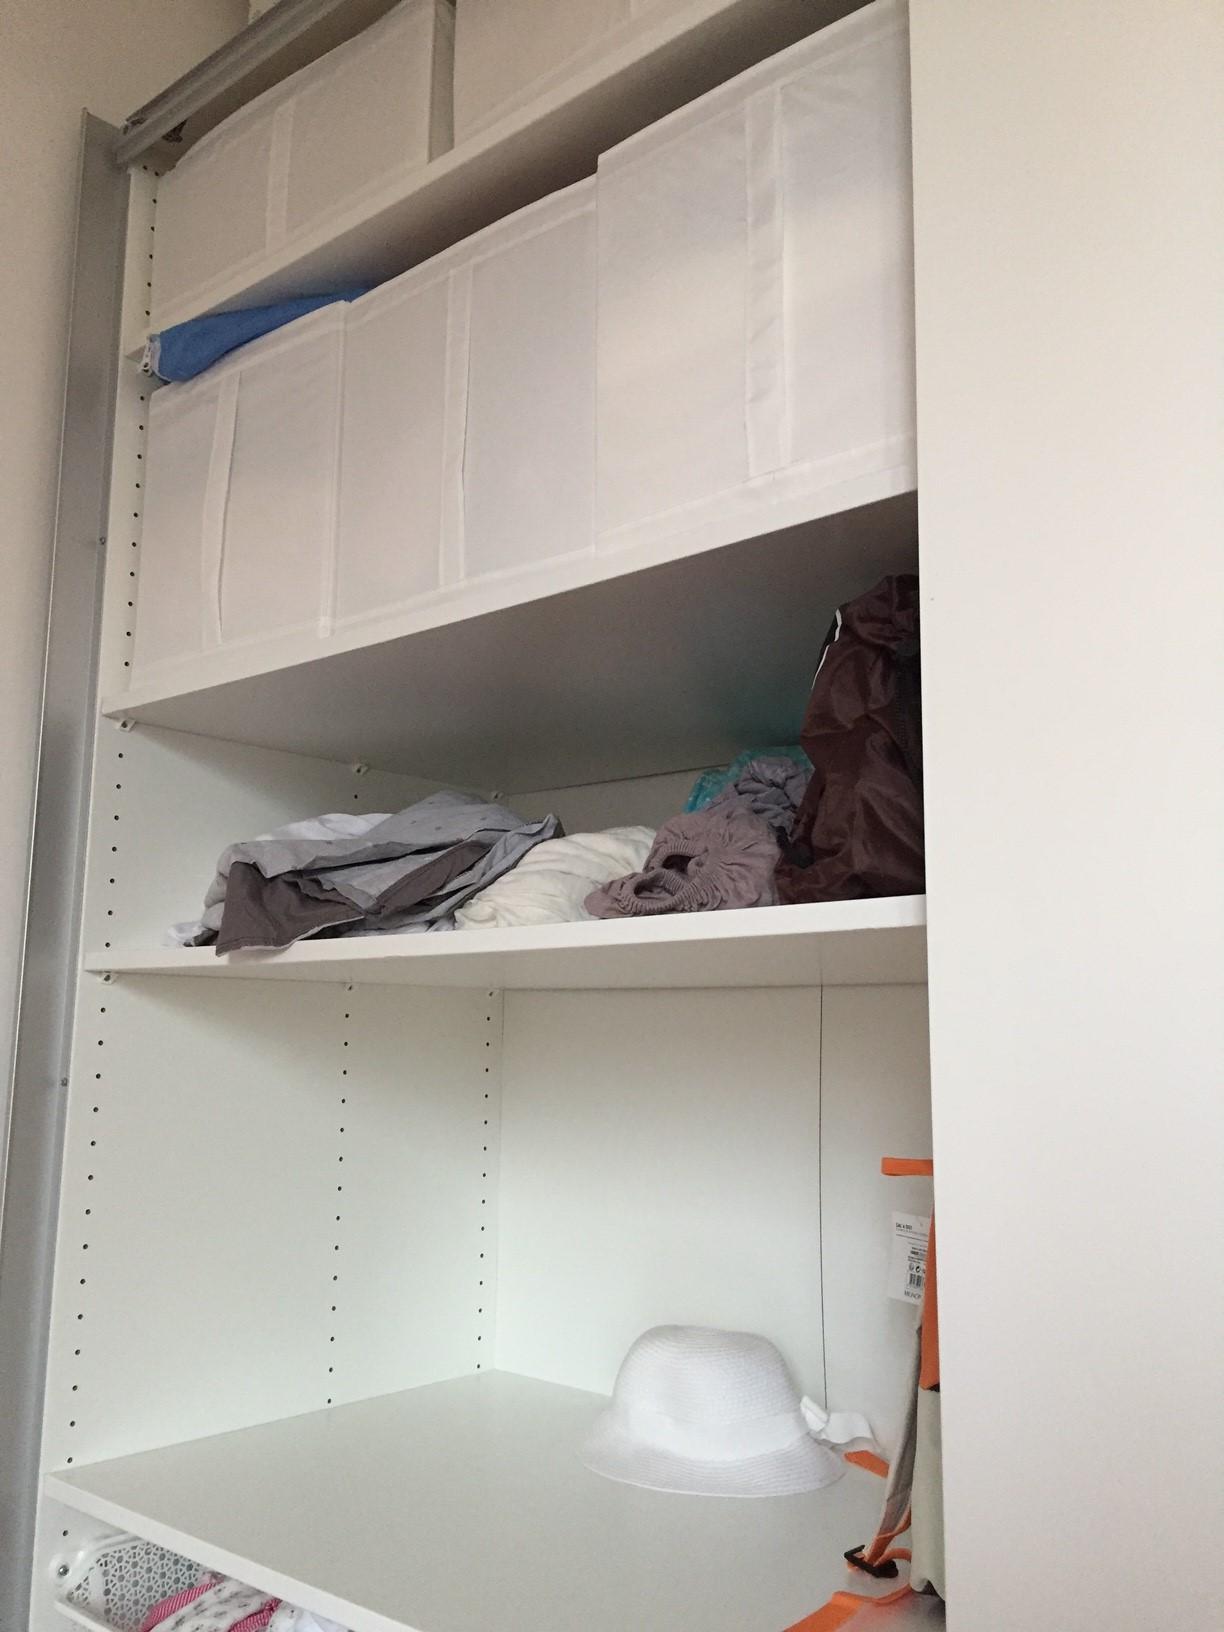 nouvelle armoire ikea enfant id e pmgirl. Black Bedroom Furniture Sets. Home Design Ideas
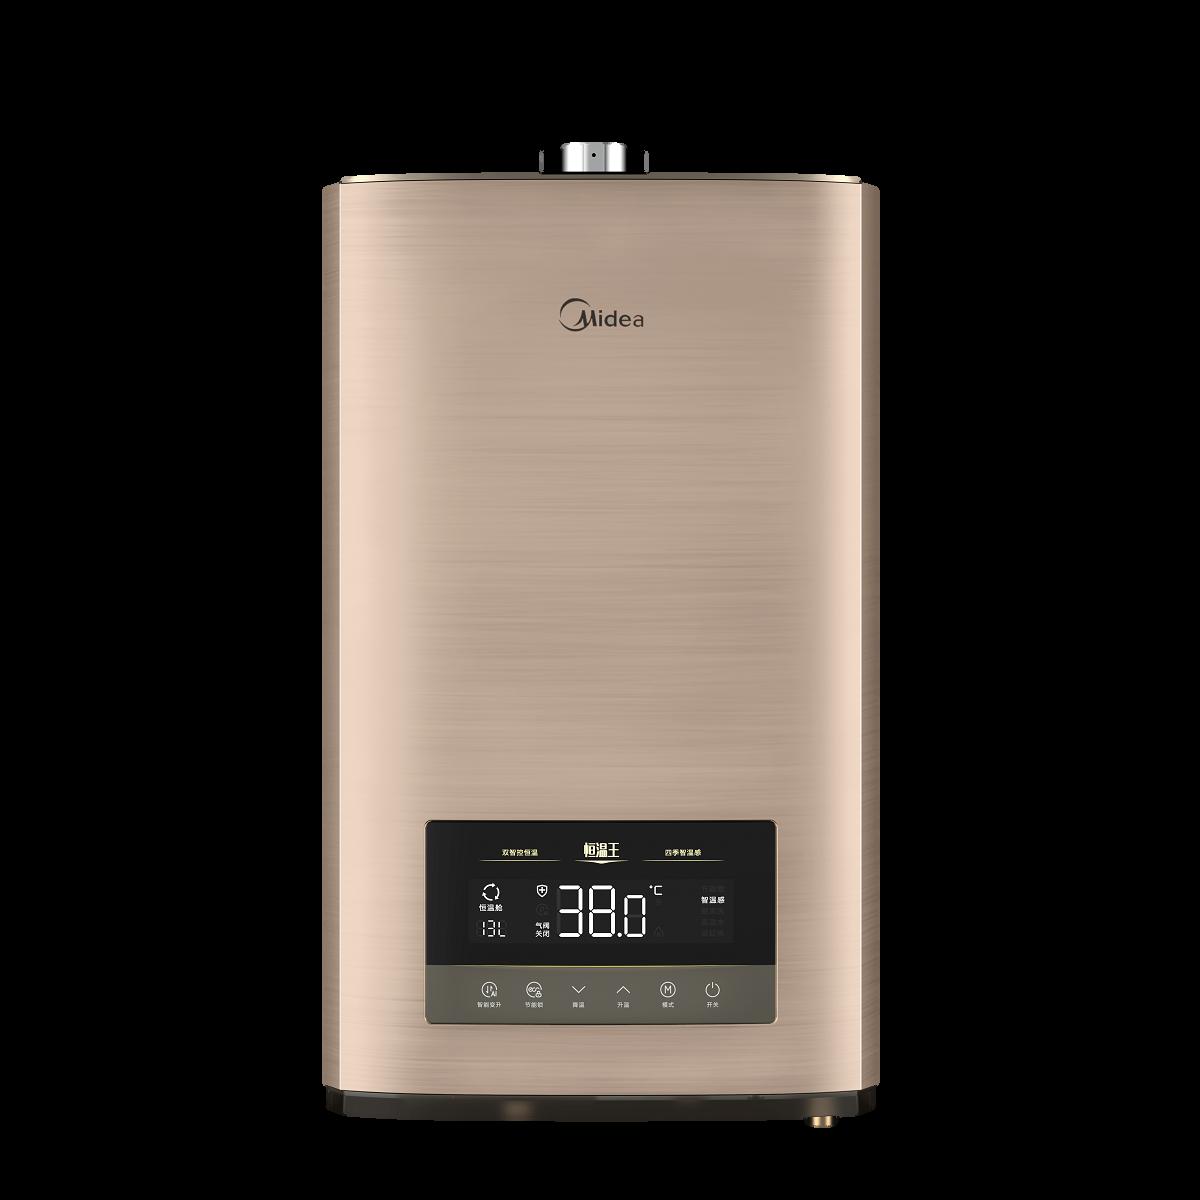 Midea/美的 JSQ30-16HL7燃气热水器 说明书.pdf
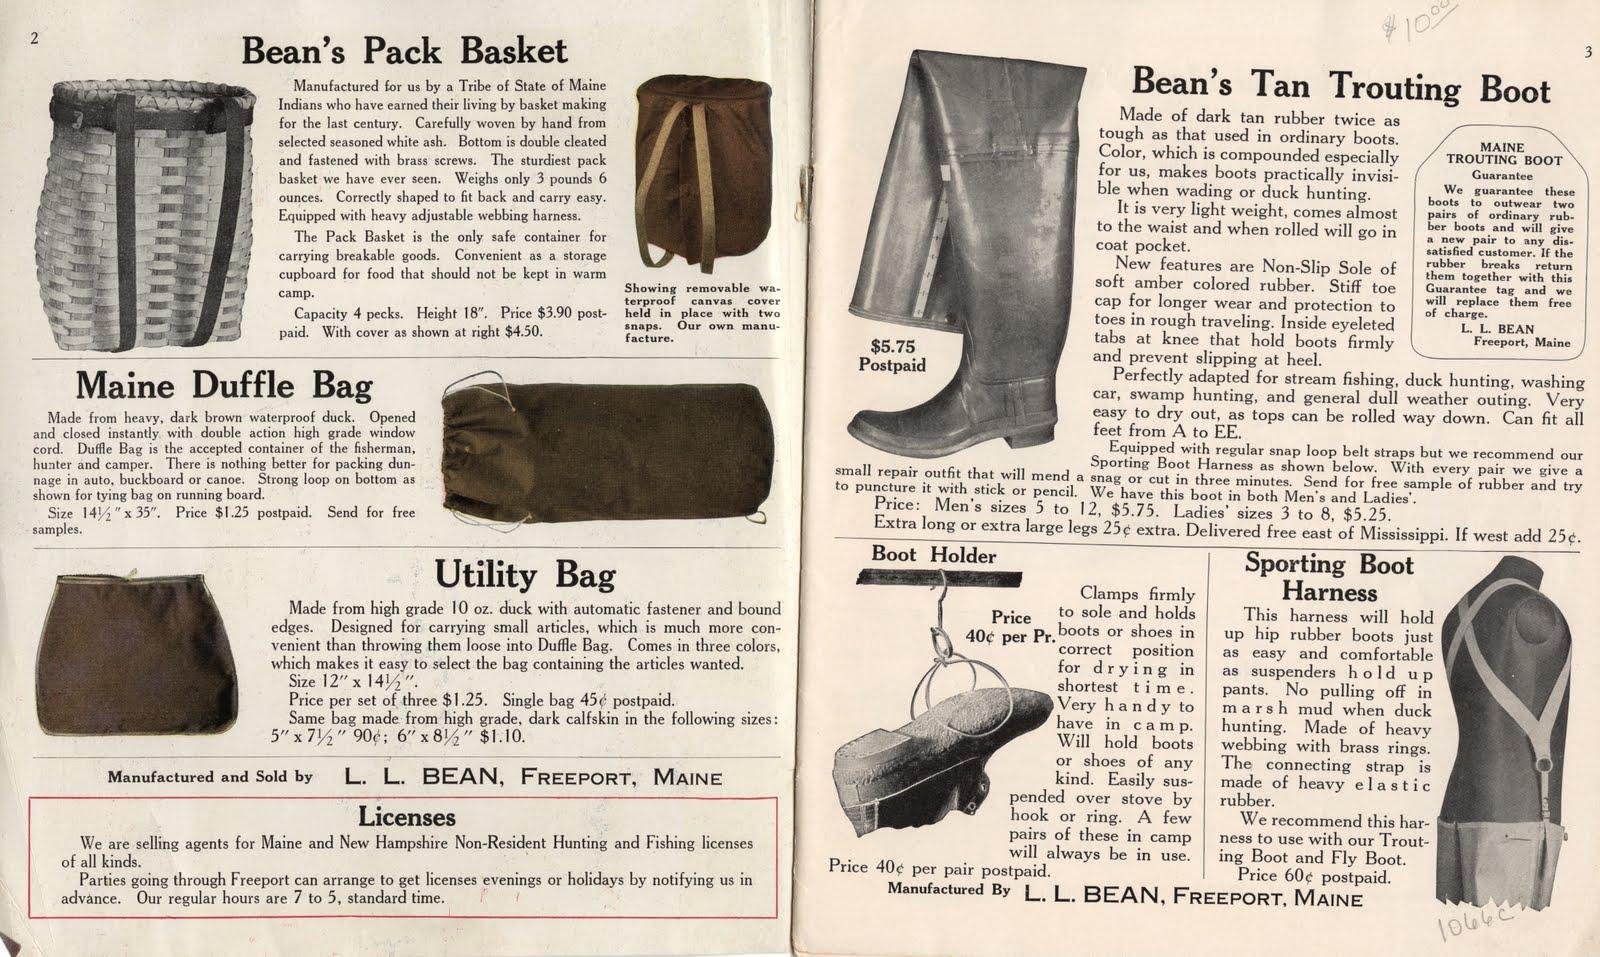 L l bean order form - Shopping From 1933 Ll Bean
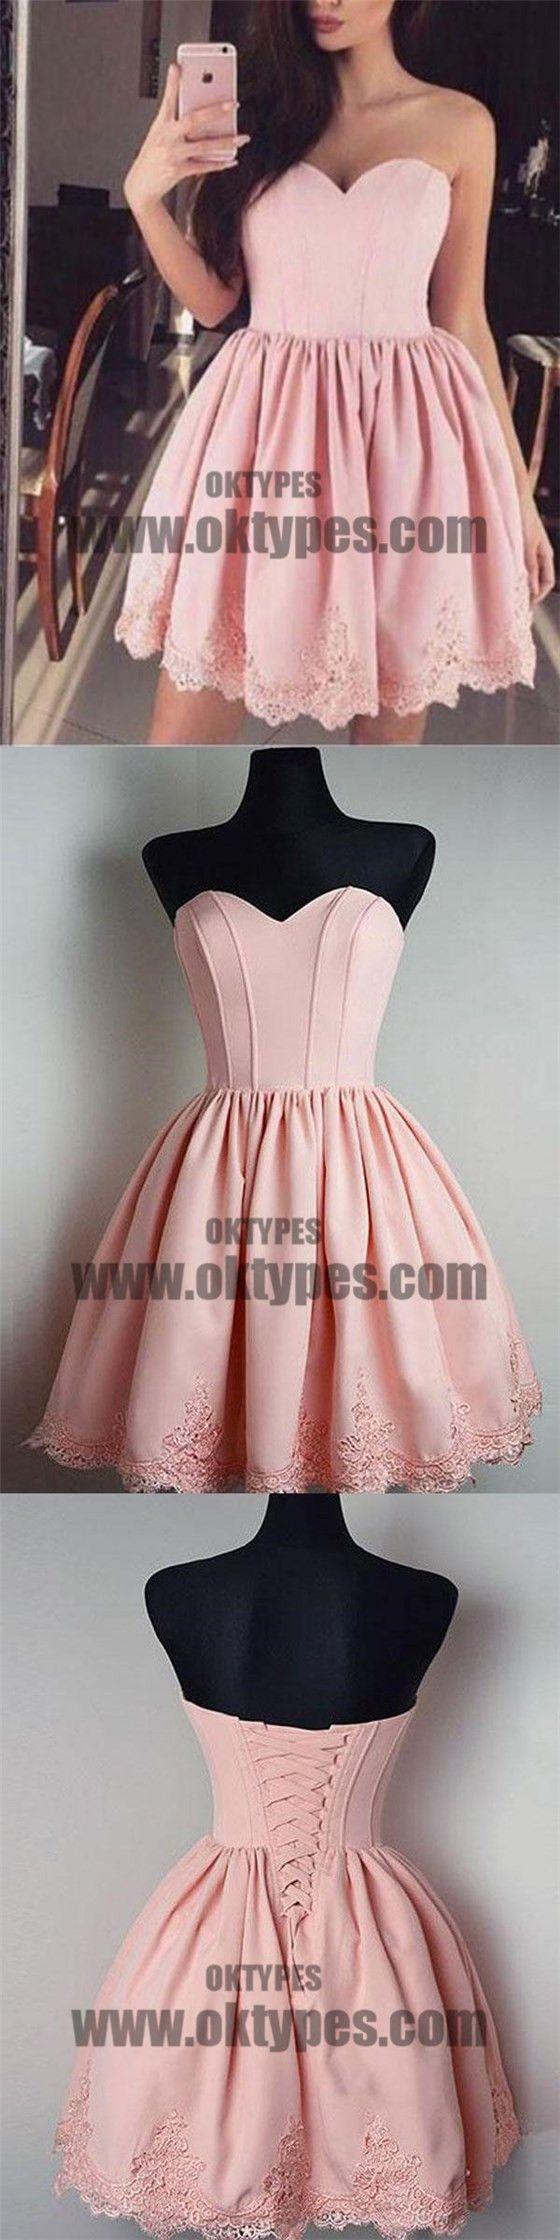 Cheap short simple cute sweetheart pink homecoming dresses
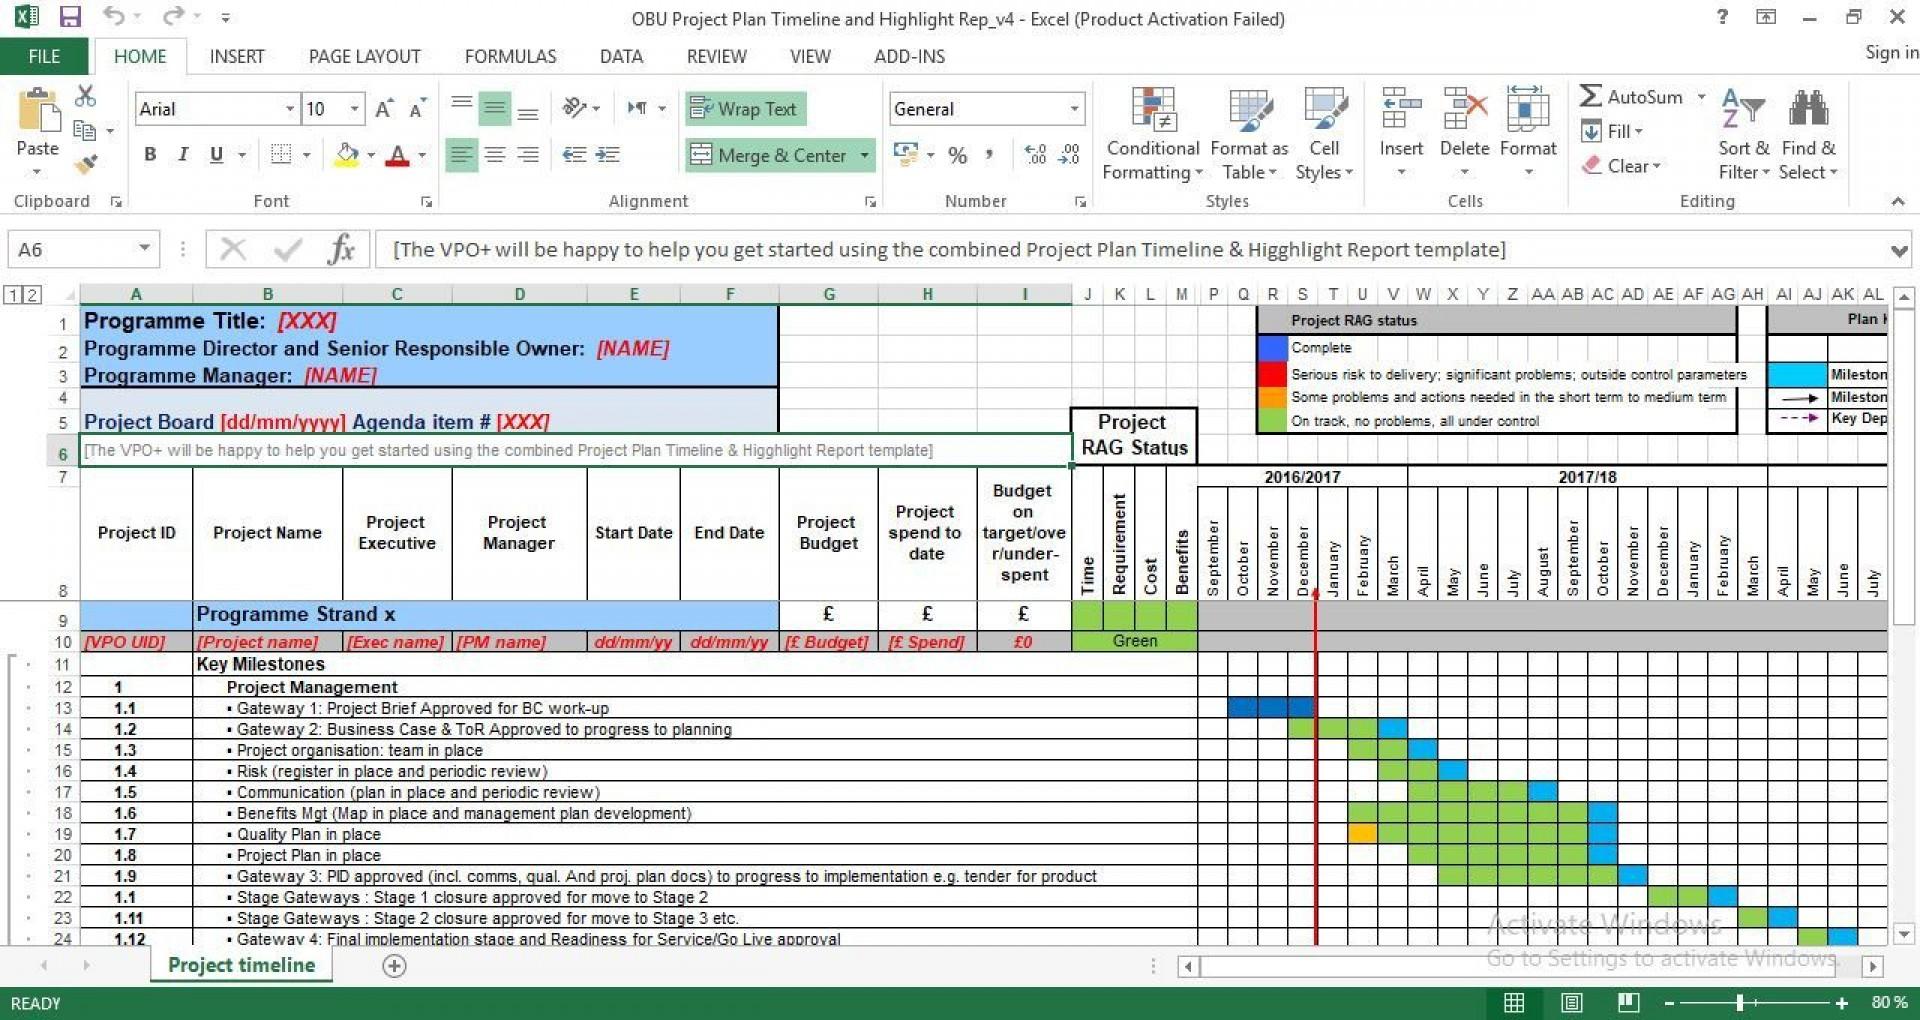 007 Breathtaking Project Management Timeline Template Photo  Plan Pmbok Planner1920

What the task asks
Beginning at the line containing "Midea/美的 JSQ30-16HL7燃气热水器 说明书.pdf", restate every line through the end of the material above exactly; omit the pictures.

Task output
 Midea/美的 JSQ30-16HL7燃气热水器 说明书.pdf
 L l bean order form - Shopping From 1933 Ll Bean
 Cheap short simple cute sweetheart pink homecoming dresses
 007 Breathtaking Project Management Timeline Template Photo  Plan Pmbok Planner1920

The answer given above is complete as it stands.